» DATASET EXCERPT
==============================
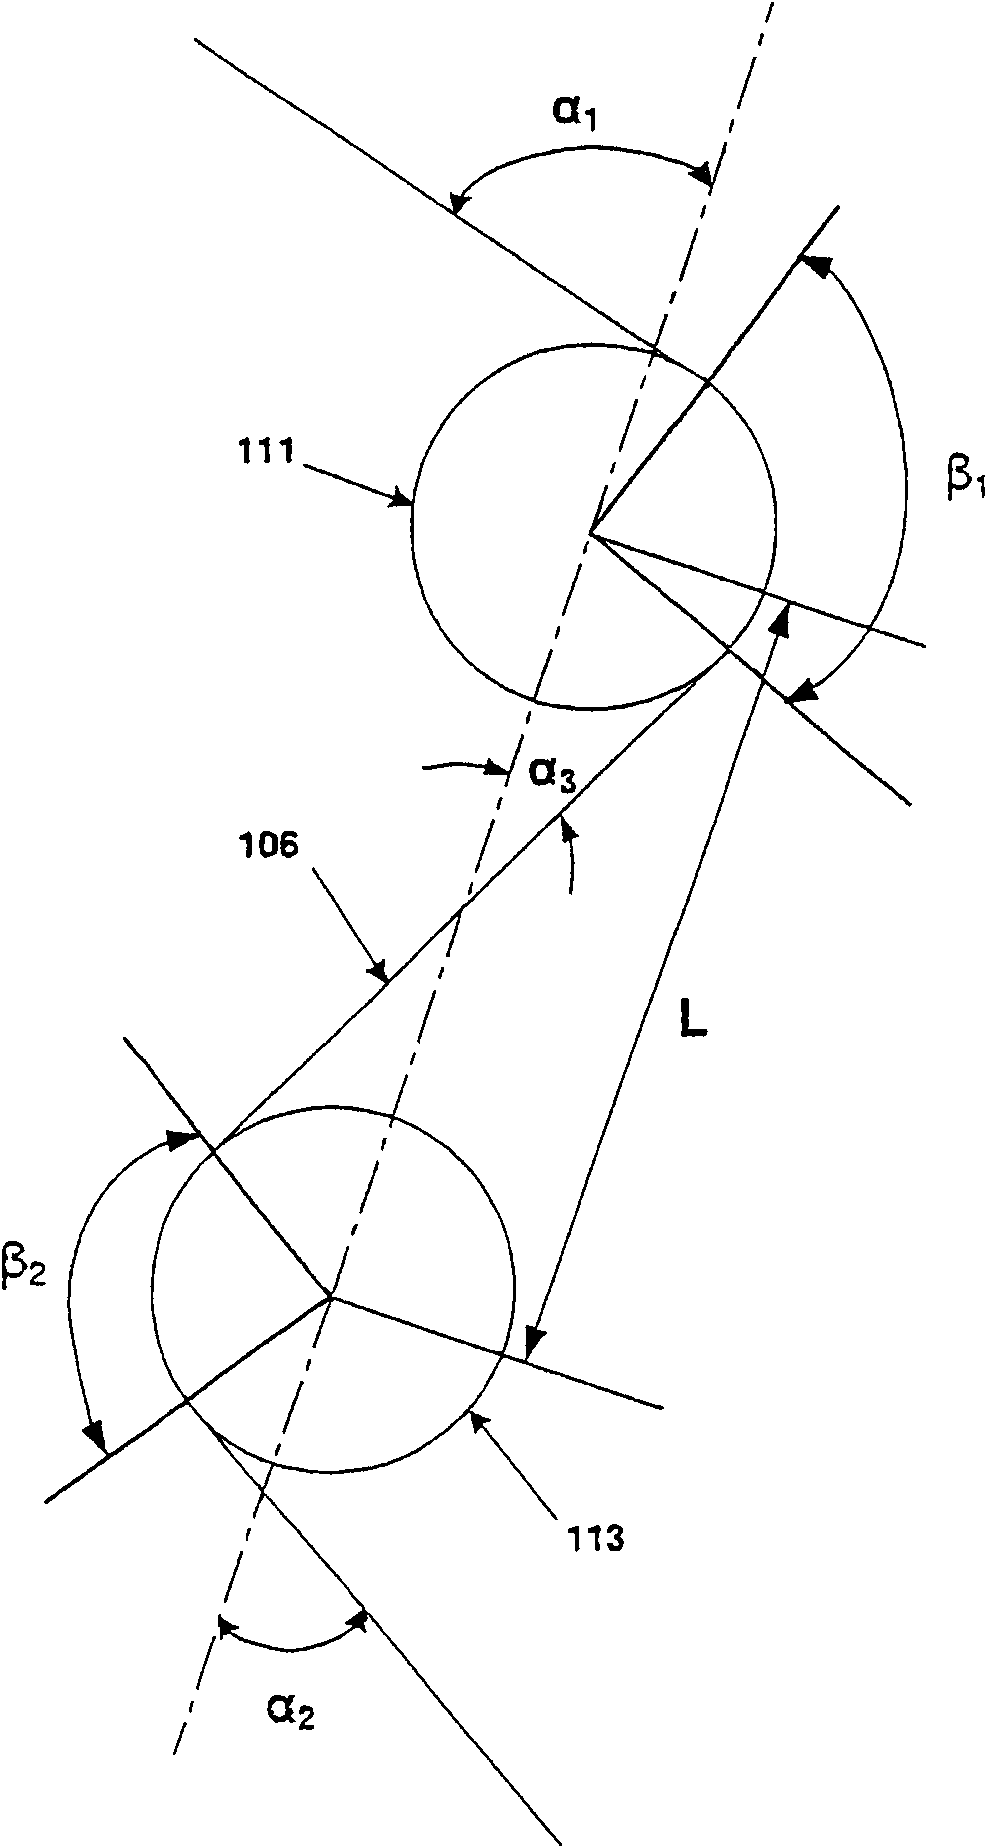 Method and apparatus for manufacturing slalom false twisting on ring yarn
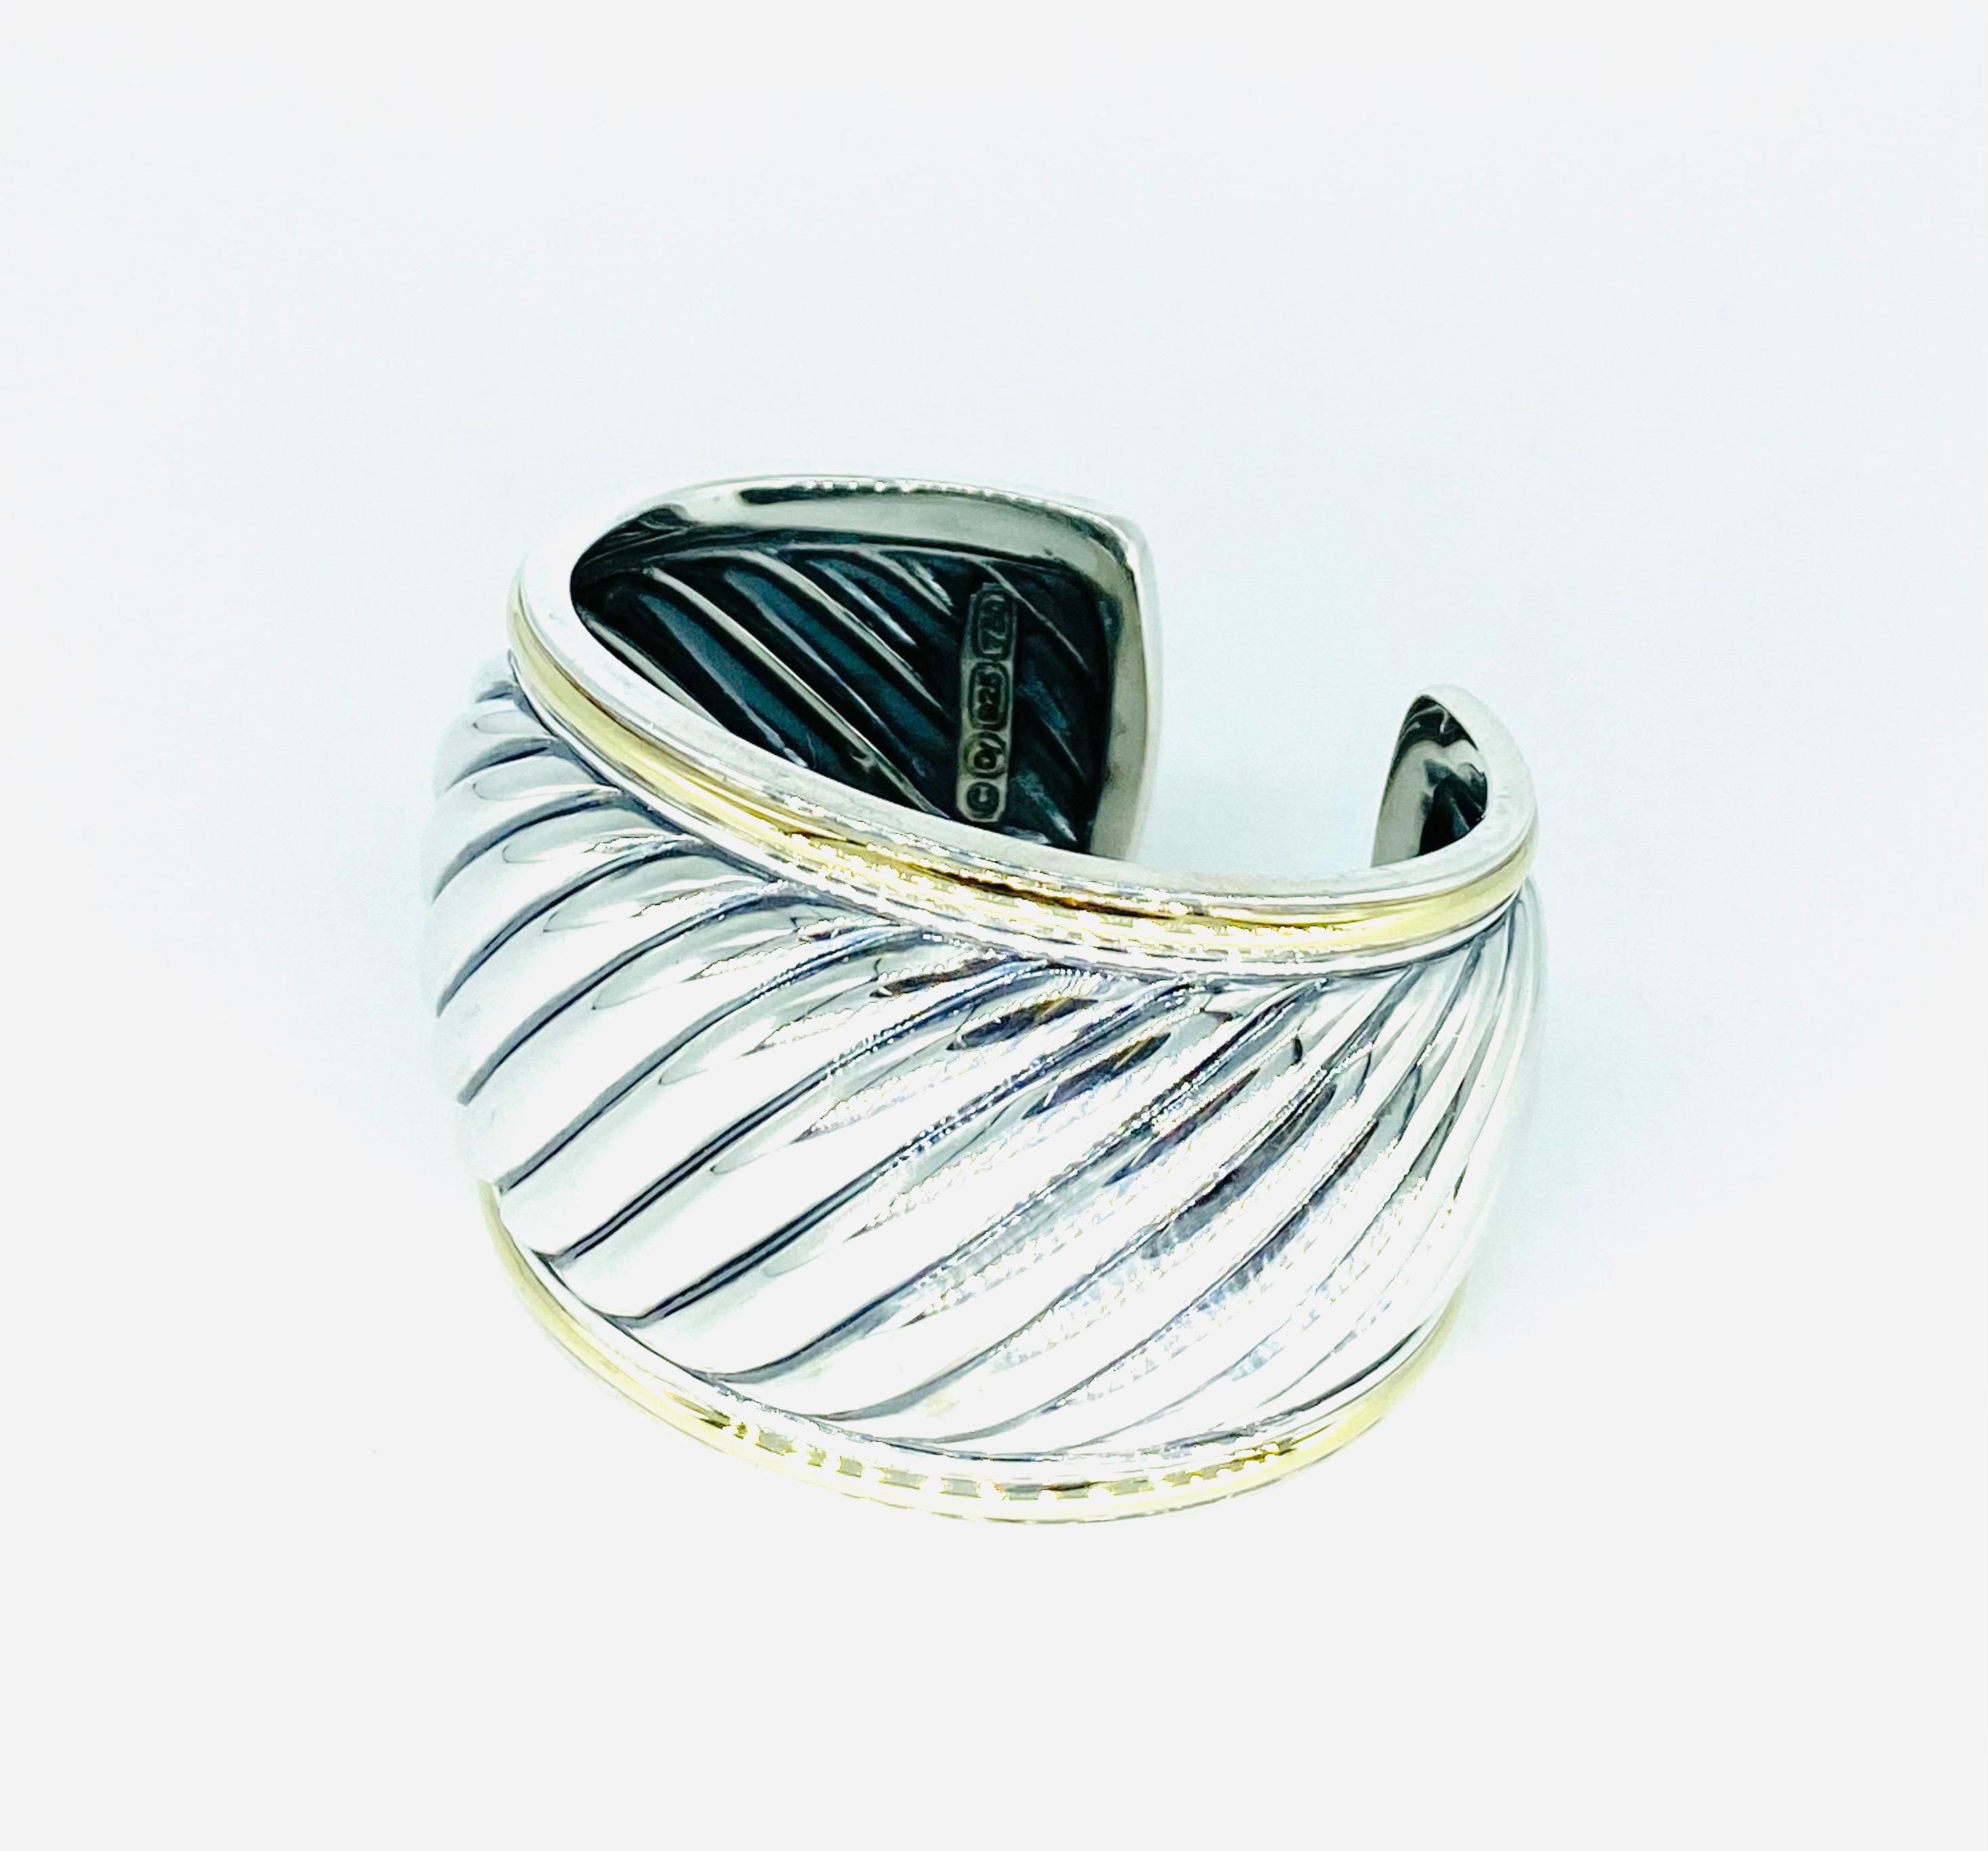 David Yurman Wide Two-Tone Sterling Silver & 18k Gold Cuff Cable Bangle. Beautiful bangle by famous designer David Yurman. You can see by the design why it is so sought after. Just incredible piece you stay amazed staring at. The bangle weights 66
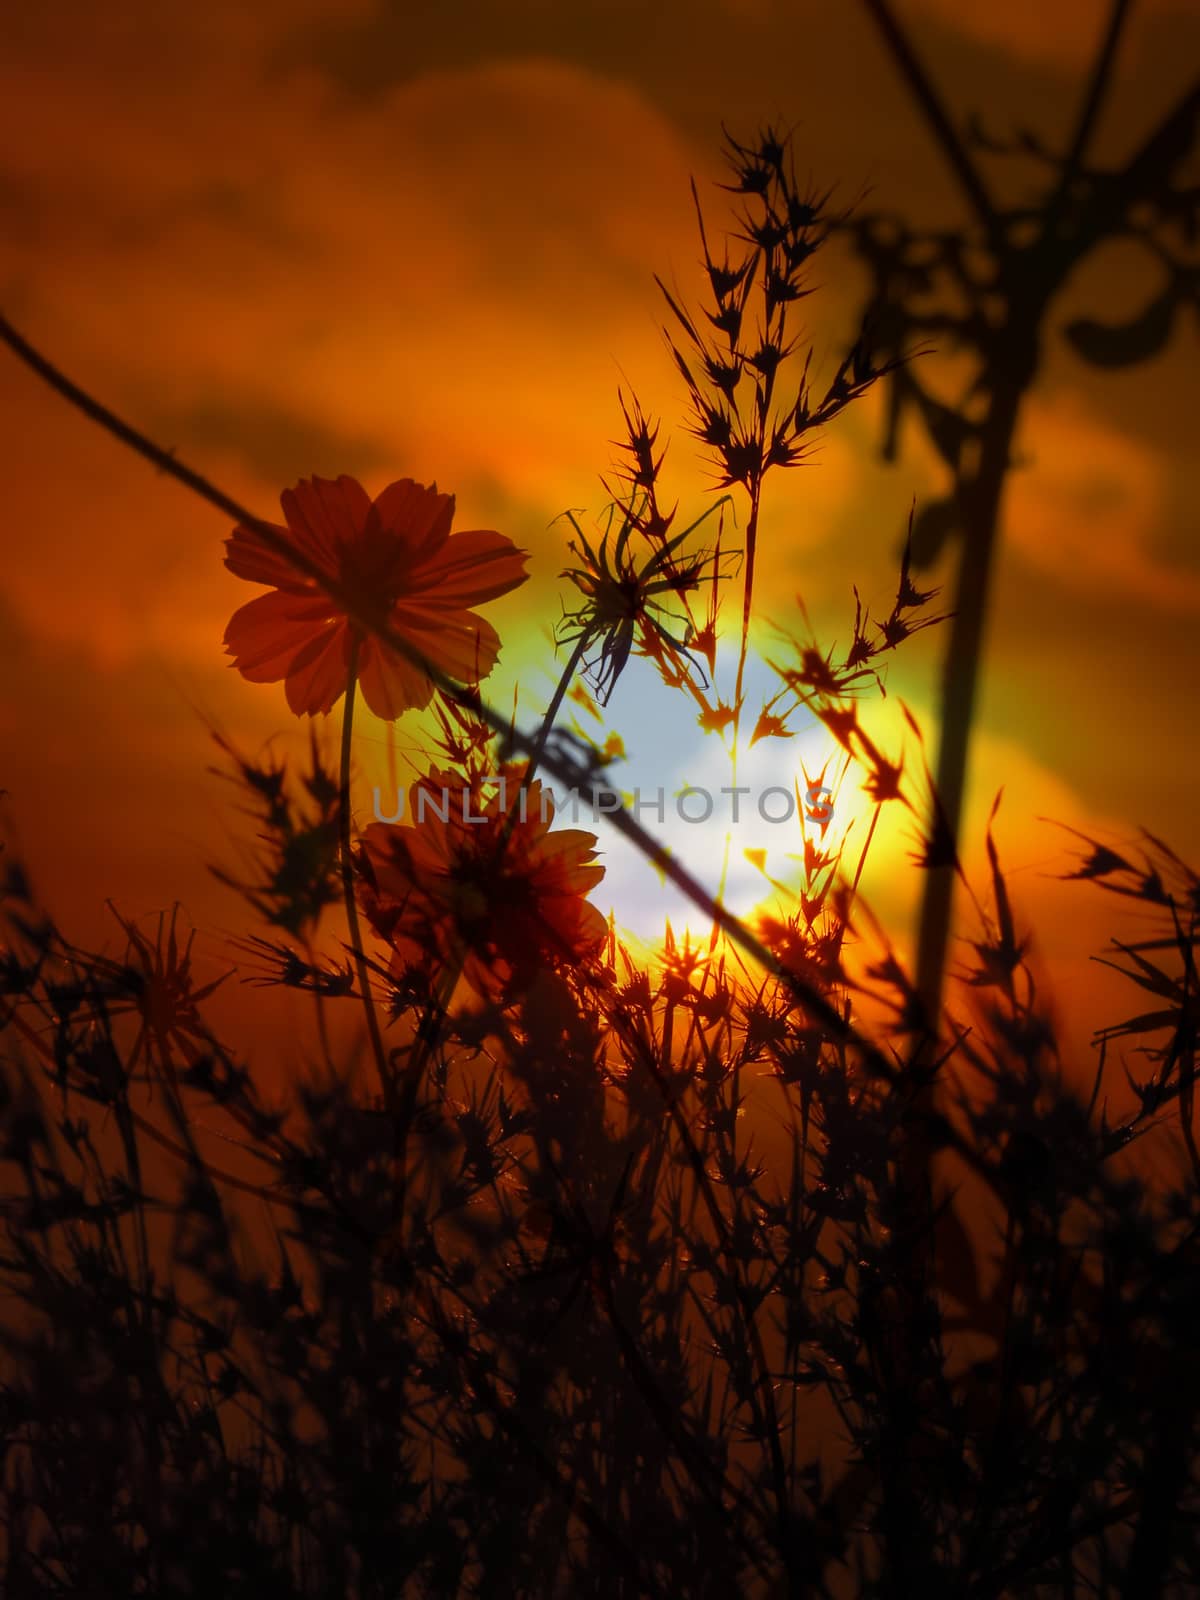 Two flowers in between thorny bushes staring at the setting sun depicting hope and being unique in adverse nature.
==============================
» AIM OF THE EXERCISE
The aim is an exact repeat of the entire listing, stripped of pictures.

» RESPONSE FOR THIS EXERCISE
 Method and apparatus for manufacturing slalom false twisting on ring yarn
 David Yurman Wide Two-Tone Sterling Silver & 18k Gold Cuff Cable Bangle. Beautiful bangle by famous designer David Yurman. You can see by the design why it is so sought after. Just incredible piece you stay amazed staring at. The bangle weights 66
 Two flowers in between thorny bushes staring at the setting sun depicting hope and being unique in adverse nature.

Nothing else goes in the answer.